1:11 Chloe não é conhecida de outra forma. Como Paulo menciona o nome dela, talvez seja mais provável que ela fosse uma efésia do que uma coríntia, mas não sabemos. Nem sabemos se ela era cristã, embora isso possa ser julgado provável. Ela era evidentemente abastada, com interesses tanto em Éfeso quanto em Corinto, e alguns de seu povo informaram a Paulo sobre a situação. O verbo significa ‘claro’. Paulo não ficou em dúvida. Possivelmente também a palavra ‘implica que o apóstolo estava relutante em acreditar nos relatos que chegaram aos seus ouvidos’ (Edwards). As brigas são um dos ‘atos da natureza pecaminosa’ (Gálatas 5:19-21, ali traduzido como ‘discordância’).
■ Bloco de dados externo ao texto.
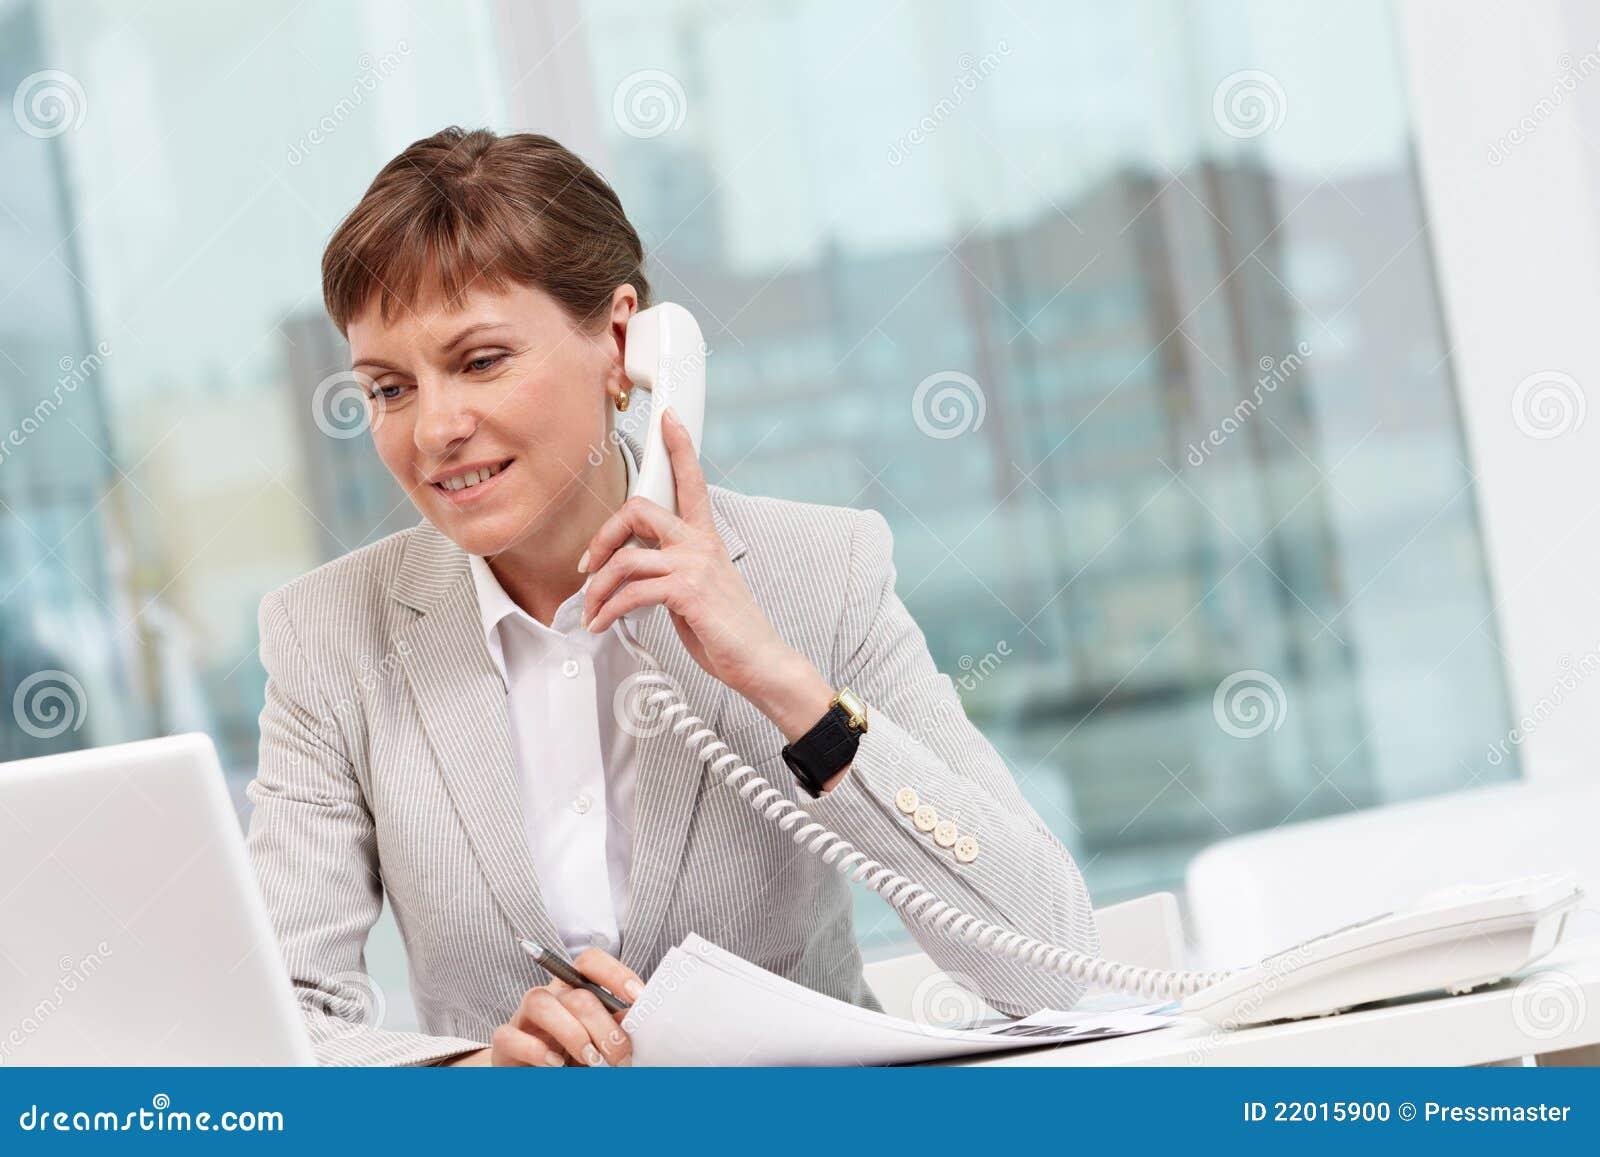 FREE 15 MINUTE SKYPE/ZOOM/TELEPHONE CONSULTATION WITH DR ... |Telephone Consultation

Eles não pertencem ao povo de Deus.
1:12 A acusação de Paulo torna-se precisa. Claramente o problema era generalizado, e as panelinhas apareceram, cada uma se ligando a um professor favorito. Muitos tentam delinear os ensinamentos das várias facções, mas tudo isso é adivinhação. Não temos informações. Pelo tom geral das referências de Paulo a Apolo e pelo que sabemos desse discípulo de outras passagens, fica claro que não havia grande diferença em seus ensinamentos. Paulo não faz nenhuma crítica a ele, e ele o incitou a retornar a Corinto (16:12). A escolha talvez tenha sido feita com base em seus métodos de pregação (ver Introdução, p. 25).
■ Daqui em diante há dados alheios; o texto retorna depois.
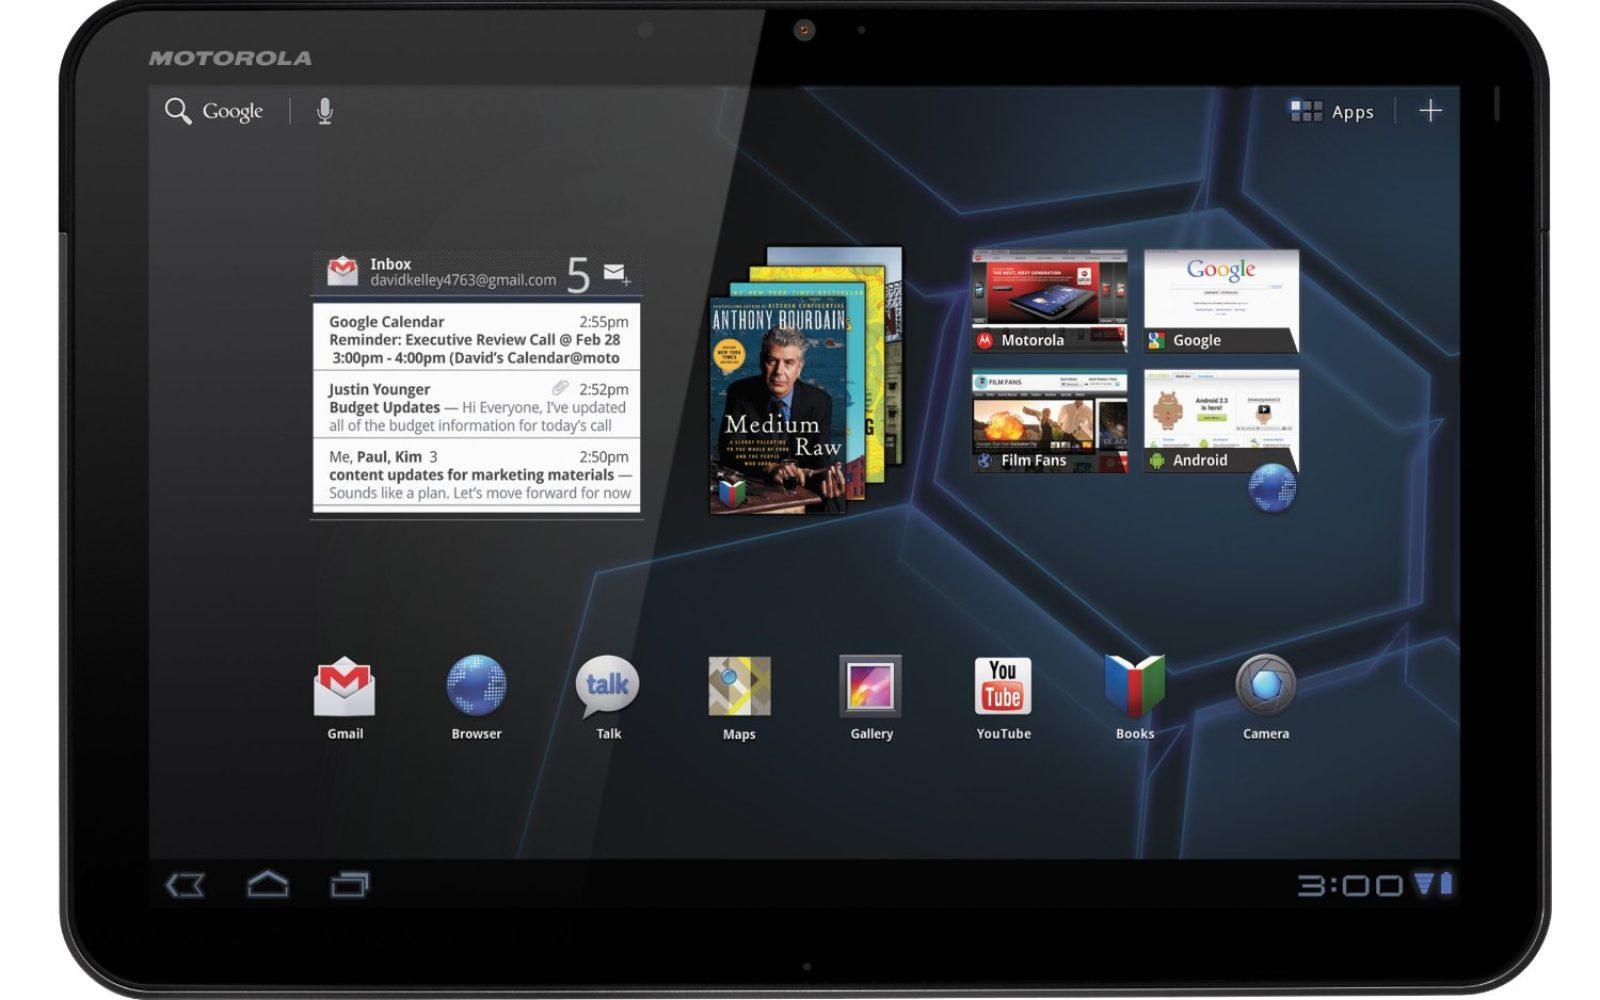 ITC import ban on Motorola Android devices kicks in tomorrow

A festa de Cefas (Cefas é a forma aramaica do nome ‘Pedro’) levanta dificuldades de outro tipo. Não sabemos se Pedro já esteve em Corinto ou não. Se fosse, a base do apego pode ter sido pessoal. Mas havia outras considerações. Pedro era cristão há mais tempo que Paulo. Ele tinha sido o líder dos Doze. Ele parece ter estado mais pronto para se conformar com a Lei Judaica do que Paulo (cf. Gl 2:11ss.). Pode ter havido alguma ênfase diferente em sua pregação daquela de Paulo, embora, nesse caso, deve ter sido leve. Por alguma razão, uma parte dos coríntios sentiu que havia algo em Pedro que o tornava o homem a quem apelar.
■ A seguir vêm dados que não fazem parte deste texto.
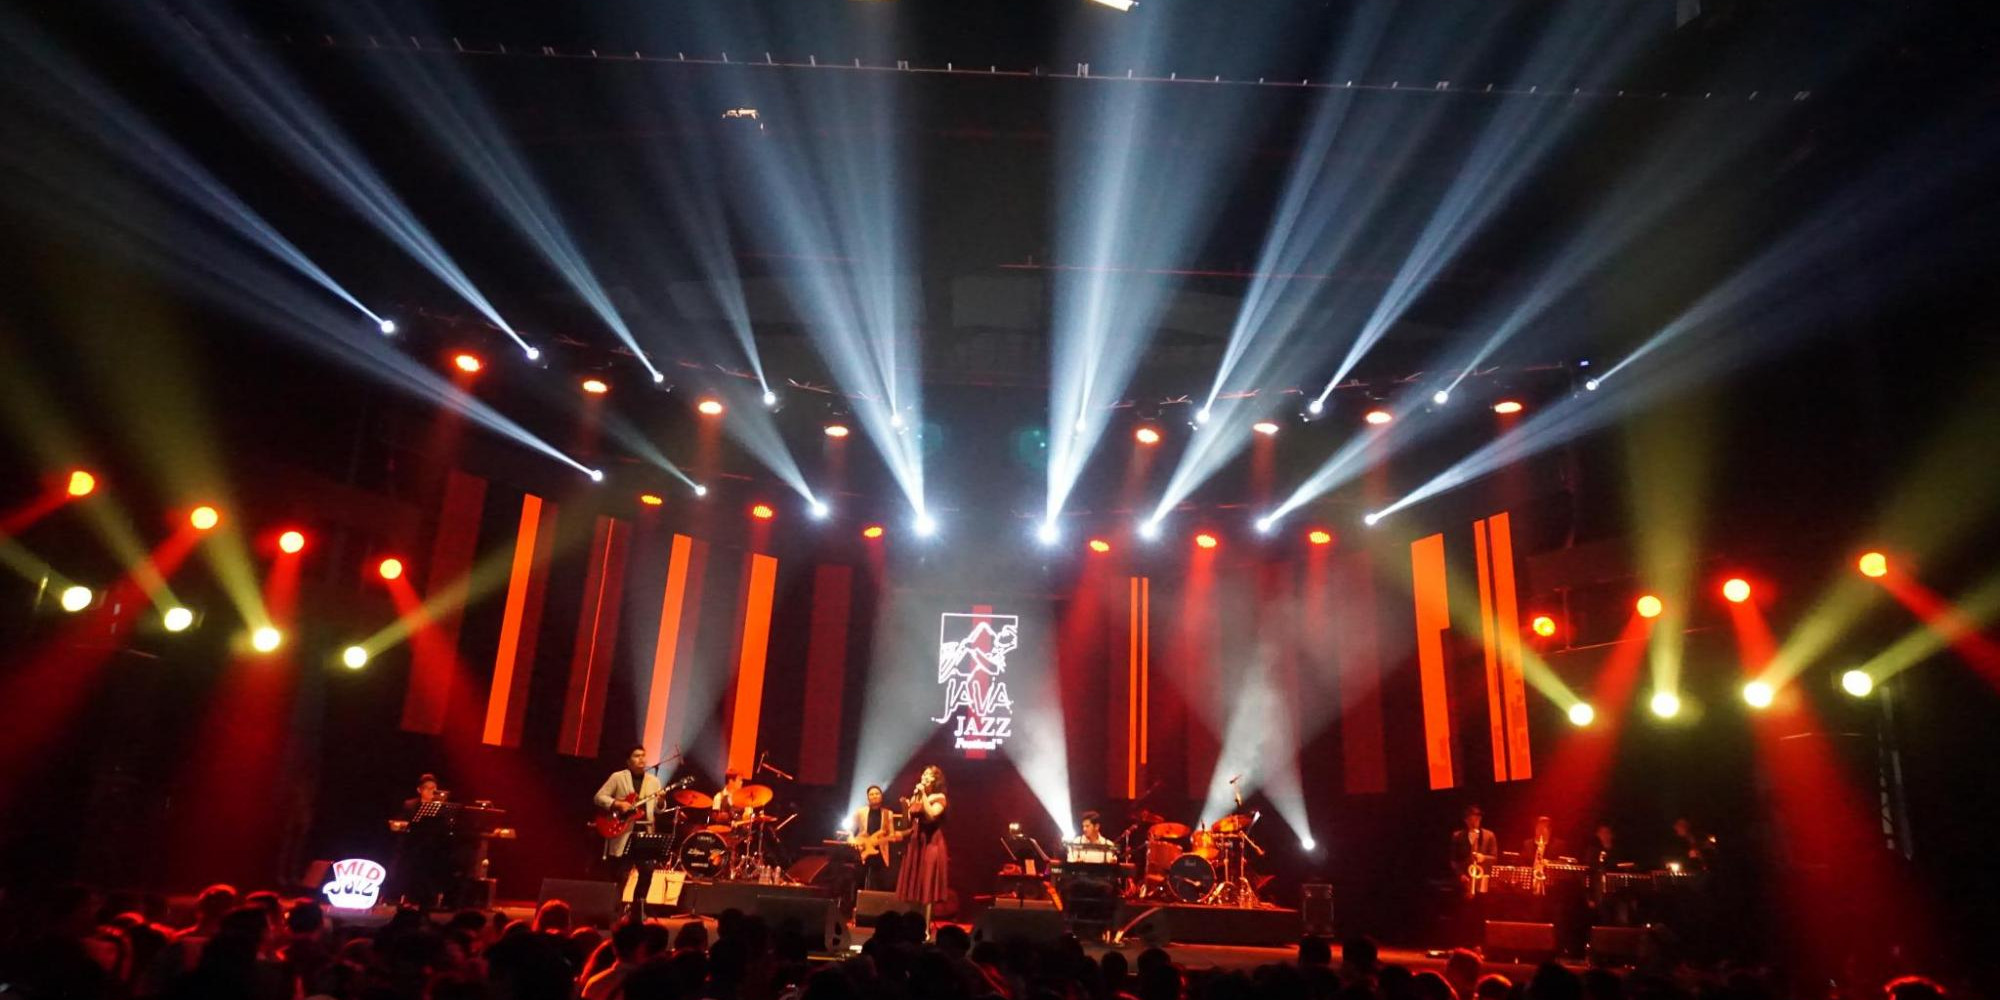 Addie MS, Afgan, dan H.E.R pukau penonton BNI Java Jazz Festival

Alguns pensaram que não havia partido de Cristo, entendendo que sigo a Cristo como a própria interjeição de Paulo. A construção da frase torna isso muito improvável; o grego parece apontar para uma quarta parte, assim como a pergunta ‘Cristo está dividido?’ (v. 13; 2 Coríntios 10:7 é relevante?). Se essas pessoas estavam simplesmente cansadas dos outros três, e assim disseram ‘Nós pertencemos a Cristo, não a qualquer líder humano’, ou se eles tinham alguns ensinamentos distintos que não temos como saber. De qualquer forma, eles haviam absorvido o espírito de partidarismo. É isso que incomoda Paulo. Ele não ataca o ensino de nenhuma das partes, mas o fato de que houve festas. Ele não isenta aqueles que se apegaram ao seu próprio nome. A coisa toda estava errada. Ele não teria nada disso.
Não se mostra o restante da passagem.